2. No to new nuclear power projects: a drain on resources

Last year, EDF warned that the cost of building Somerset’s Hinkley Point nuclear power station costs could rise to £32bn


Estimates of costs to build Hinkley Point C in south-west England have spiralled since EDF started the project in 2016

EDF and its state-owned Chinese partner CGN were asked in the second half of 2023 to make “voluntary” additional equity payments under a compensation mechanism for cost overruns, as “the project’s total financing needs exceed the contractual commitment of the shareholders”, EDF said. But it added that the “probability that CGN will not fund the project after it has reached its committed equity cap is high”.
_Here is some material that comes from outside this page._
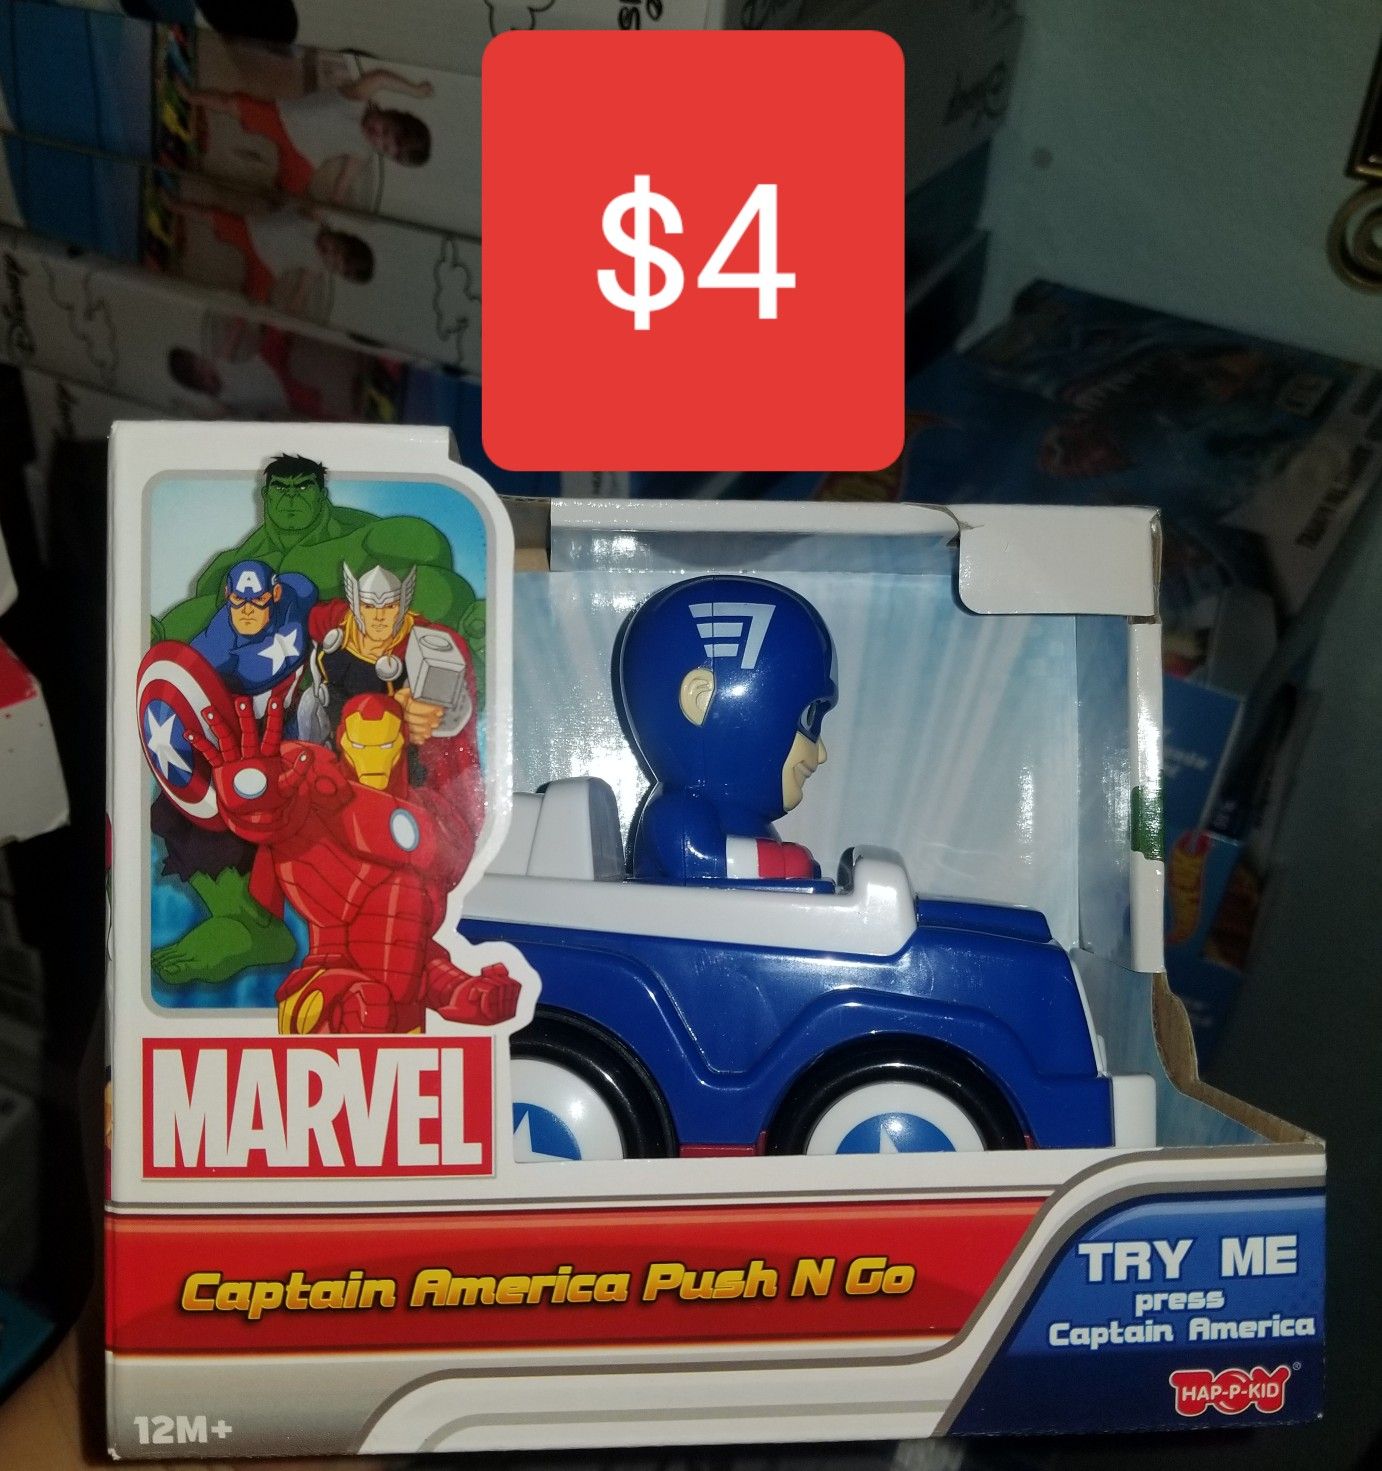 Marvel captain America push and go car

Luc Rémont, EDF’s chief executive, said he was confident of persuading the British government to help finance two flagship nuclear reactor projects in the UK, as the French group reported a €12.9bn writedown on its delayed Hinkley Point C plant (Financial Times).

On February 28th, Chris Huhne, former UK Energy and Climate Change Secretary, wrote: ‘Tax­pay­ers shouldn’t be foot­ing bill for EDF fail­ings’

“I was astonished and saddened by your report that both Bruno Le Maire, the French finance minister, and Luc Rémont, chief executive of EDF, are pressing the UK government to help with the cost overrun at Hinkley Point C, the EDF nuclear plant under construction in the UK . . .

“I will save French blushes by not quoting all the promises that were made by the company about the low cost of its nuclear energy (a fraction even of what was ultimately agreed) . . .

“A clear condition of the Hinkley project was that EDF would be entirely and solely responsible for the construction costs and risks, and the UK government would merely guarantee a price (subsidy-free, taking account of carbon costs) for the electricity output once the plant started. Nothing could be more unambiguous either legally, politically or morally . . .

“Any British minister who now goes back on that arrangement would be betraying their responsibility to the exchequer, and would be a legitimate target for the public accounts committee . . .

“If EDF is unable or unwilling to complete the project in time to avail itself of the price guaranteed under the contract for difference, there are legal processes of liquidation which should be used to find an alternative buyer at the market value for the unfinished assets”.

On Friday EDF said: “Under the worst-case scenario Hinkley could now cost £47.9bn to complete, compared with an initial £18bn estimate in 2016”.